God, fucking, dammit. I swear, my car is doing everything in its power to make me try to destroy it, or find a way to destroy itself, and laughing at me for its own failure to commit suicide and leaving me holding the bag on its fuckups. First the belt started uncontrollably squealing. Then the power brake booster goes out, so I have to stop it with the power of my calf muscles. Then my father offers to swap cars for a weekend, as we increasingly often do, so he could work on at his leisure, since I don't know how to fix it myself and I can't afford to fuck it up with trial and error.
Then, minutes from his house, the shifter column breaks. So it's sitting in his yard, 150 miles from my house, stuck in second gear, until he can take apart the column to figure out what happened. All this, after he's been telling me for two years to sell the fucking thing. The few times I've ever kept my priorities enough to remember to even put a sign on it, within a week it picks up another relatively minor problem that renders it impossible to sell again, until it fucks up majorly and the whole cycle repeats itself. And I know the day is coming when the only thing left to break will be the transmission.
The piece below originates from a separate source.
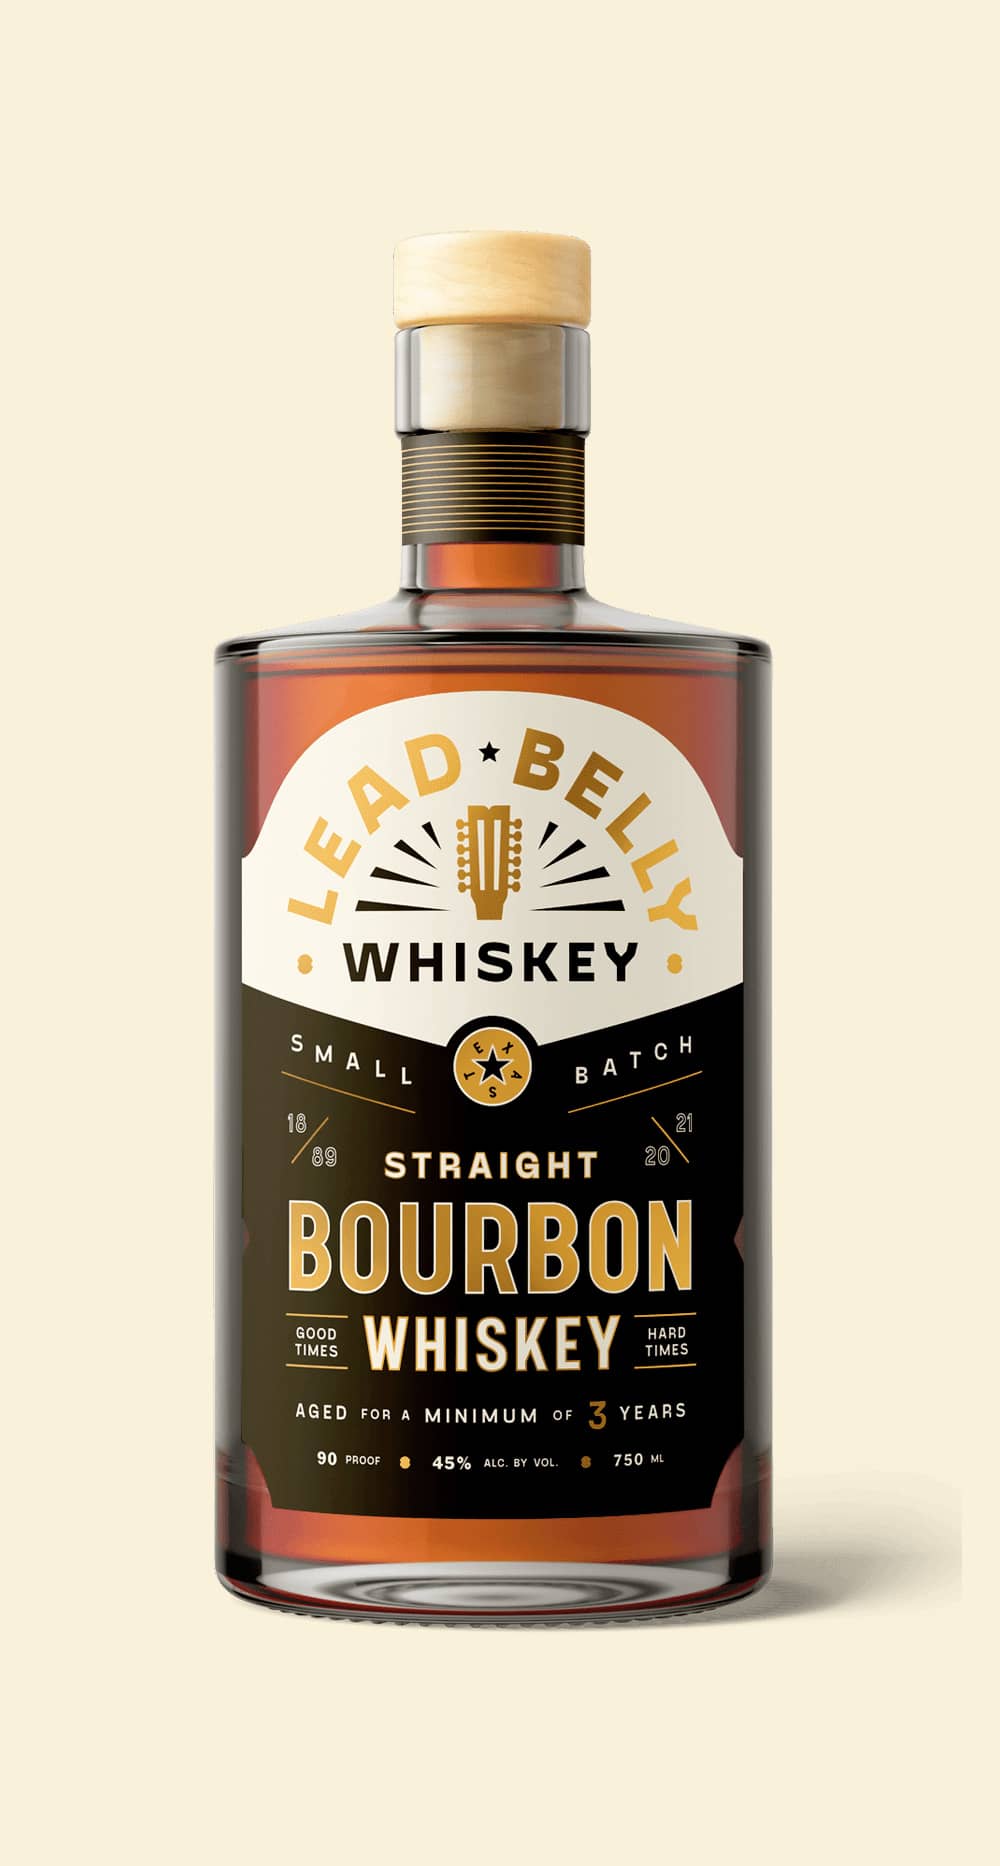 lead-belly-bourbon-whiskey-bg

And on top of all that, I had too much beer and racetrack food when we went out, so now I'm staying home from work. Not because I'm drunk, I've got that covered, but because I'm so sick, and I need not go into any detail. Which I talked myself into, because I also didn't bother studying for a test all weekend.
Empirically speaking, this is really a quite fortunate play of events. My car is disabled by a completely unforeseeable problem, which luckily happened in the driveway of the one person I would trust to fix it, instead of happening to me anywhere in town. I don't have to go to work (apparently I've got a good rep), which gives me time to do other stuff I need to. But every element is somehow a result of my own incompetence and taking my father for granted, despite all my hollow protestation otherwise. So, actually, none of it's that bad, I just feel like crap about it.